Excerpted data: Begin

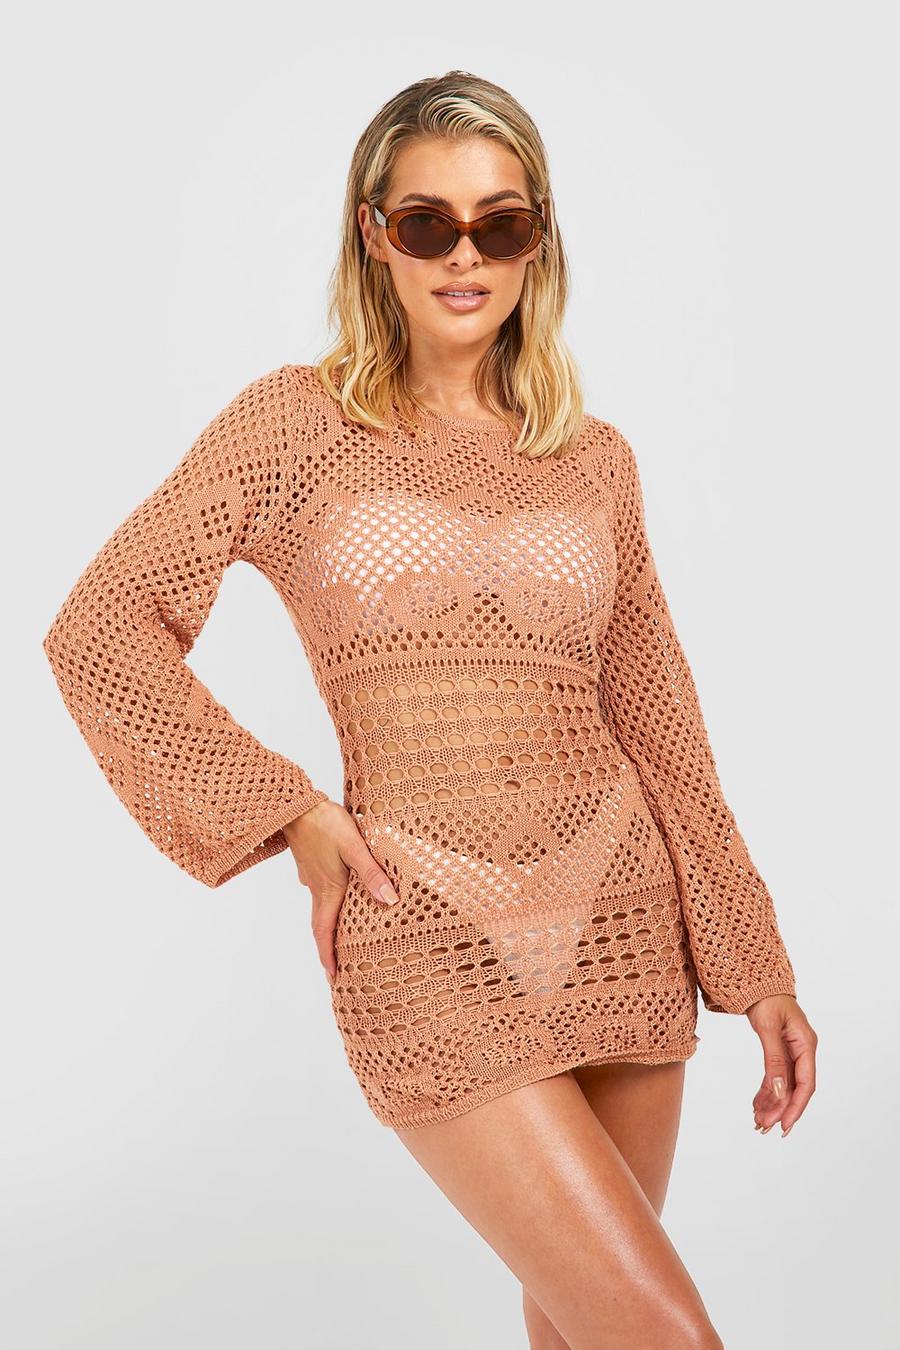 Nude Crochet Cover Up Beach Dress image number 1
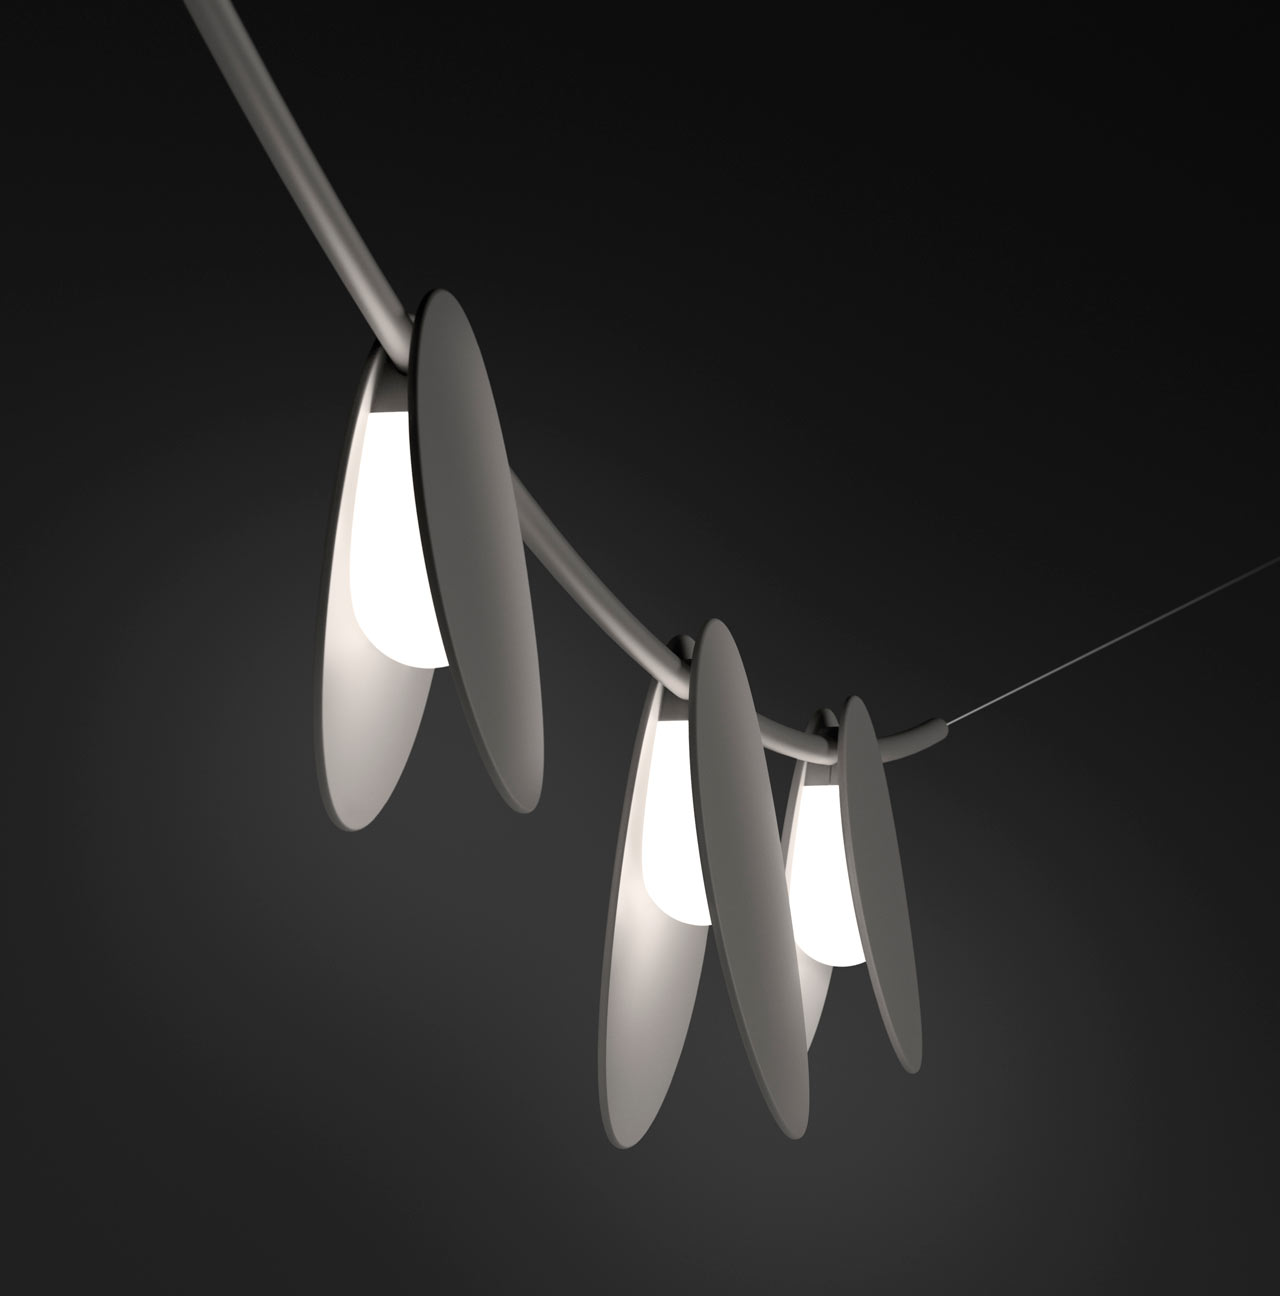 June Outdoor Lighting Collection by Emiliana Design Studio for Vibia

Excerpted data: End
Excerpted data: Begin

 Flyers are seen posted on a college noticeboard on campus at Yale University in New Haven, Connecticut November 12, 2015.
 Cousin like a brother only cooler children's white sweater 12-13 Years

Excerpted data: End
Excerpted data: Begin

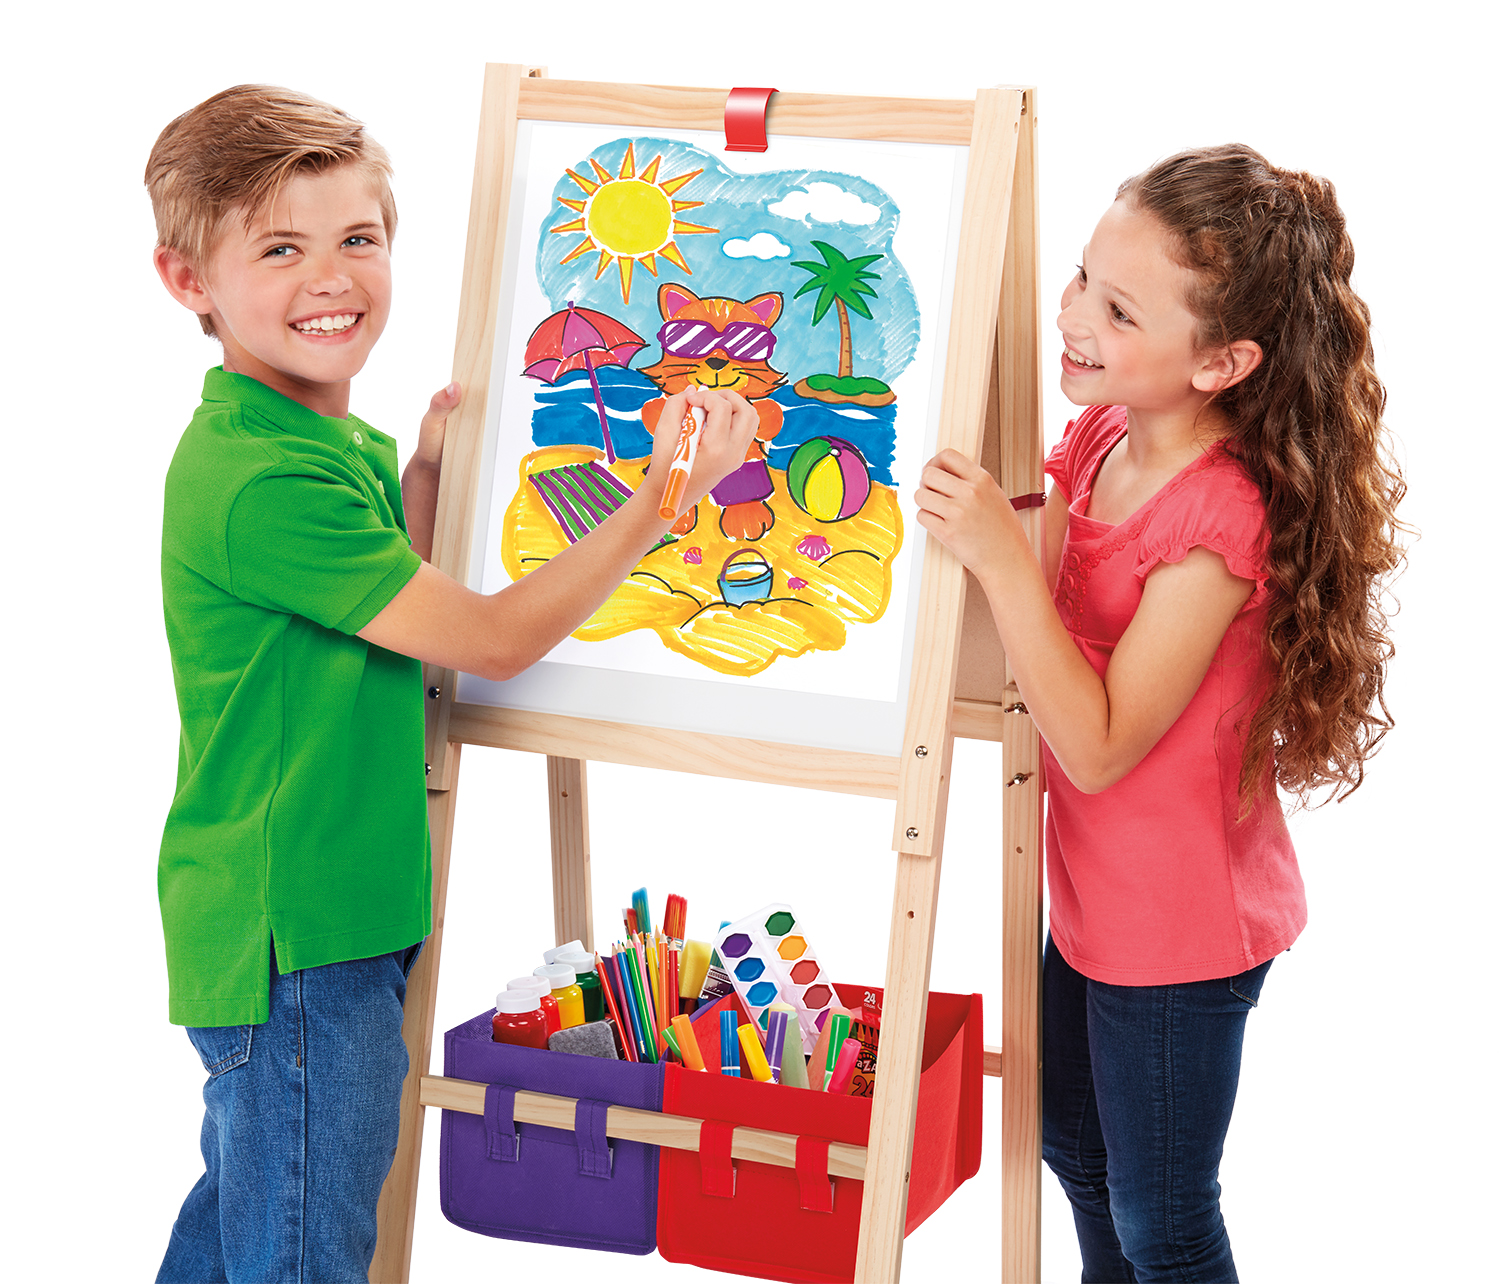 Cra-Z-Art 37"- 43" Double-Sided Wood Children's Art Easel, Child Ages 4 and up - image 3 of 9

Excerpted data: End

Exercise description → In the records above, everything from the line with "Nude Crochet Cover" down to the line with "June Outdoor Lighting" is to be set down exactly, both ends included, with no pictures and no other lines.

Output →
 Nude Crochet Cover Up Beach Dress image number 1
 June Outdoor Lighting Collection by Emiliana Design Studio for Vibia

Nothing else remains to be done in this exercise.